4️⃣ TF-IDF (Final Score)

$$ \text{TF-IDF}(w, d) = \text{TF}(w, d) \times \text{IDF}(w) $$

This is the importance score used in:

search engines
document ranking
classical NLP systems

🧪 Worked Example (Very Important)

Corpus (3 documents)

D1: "messi scores goals"
D2: "goals win matches"
D3: "messi inspires fans"

Step 1: Vocabulary

{messi, scores, goals, win, matches, inspires, fans}

Step 2: Document Frequency (DF)

Word	DF
messi	2
goals	2
scores	1
win	1
matches	1
inspires	1
fans	1

Step 3: IDF (Assume natural log)

$$ \text{IDF}(\text{messi}) = \log\left(\frac{3}{2}\right) $$

$$ \text{IDF}(\text{scores}) = \log\left(\frac{3}{1}\right) $$

👉 "scores" appears in fewer documents 👉 therefore it has higher IDF

Step 4: TF-IDF in Document 1

Document 1 contains 3 words:

messi scores goals

Word	TF	IDF	TF-IDF
messi	1/3	log(3/2)	low
scores	1/3	log(3/1)	HIGH
goals	1/3	log(3/2)	low

✅ “scores” becomes the most important word

🎯 What Interviewers Want You To Say

If asked:

“Explain TF-IDF”

A perfect answer is:

“TF-IDF measures how important a word is to a document relative to the whole corpus.

It boosts words that are frequent in one document but rare across documents.”

🔗 Why TF-IDF Still Matters Today

Even in the age of GPT:

Search engines still use it
Keyword extraction uses it
It explains why attention exists
It is the conceptual ancestor of embeddings

If you understand TF-IDF deeply, transformers feel natural — not magical.

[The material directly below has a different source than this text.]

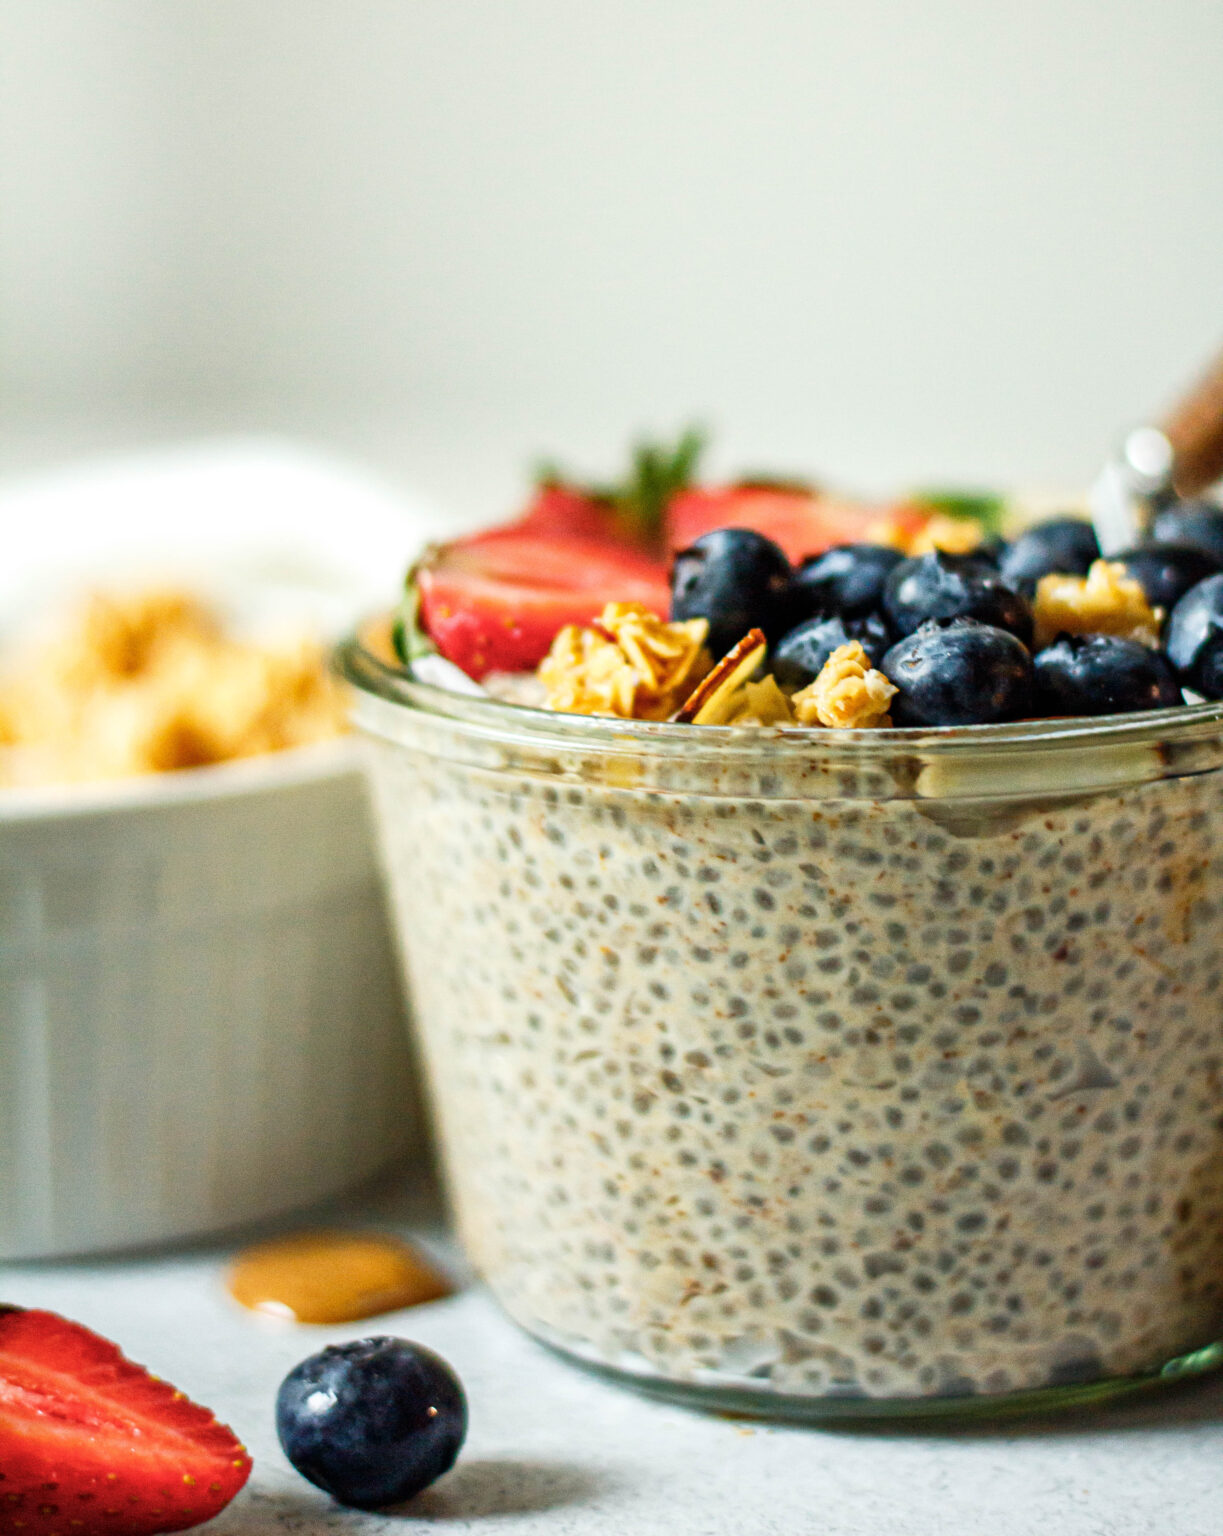 Vanilla Chia Pudding - All the Healthy Things

🌍 Why This Document Exists

Large Language Models do not begin with transformers.

They begin with a simple question:

“Which words matter?”

TF-IDF is the bridge between:

raw text
statistics
semantic meaning

Every NLP engineer must master this.

⚽ Messi & Meaning — A Short Story

Messi touches the ball less than others.

Yet every touch matters more.

Common words are like defenders:

they are everywhere
they mean little

Rare words are like Messi:

fewer appearances
massive impact

That is TF-IDF.

🏆 Python NLP — TF-IDF Edition (20 Problems)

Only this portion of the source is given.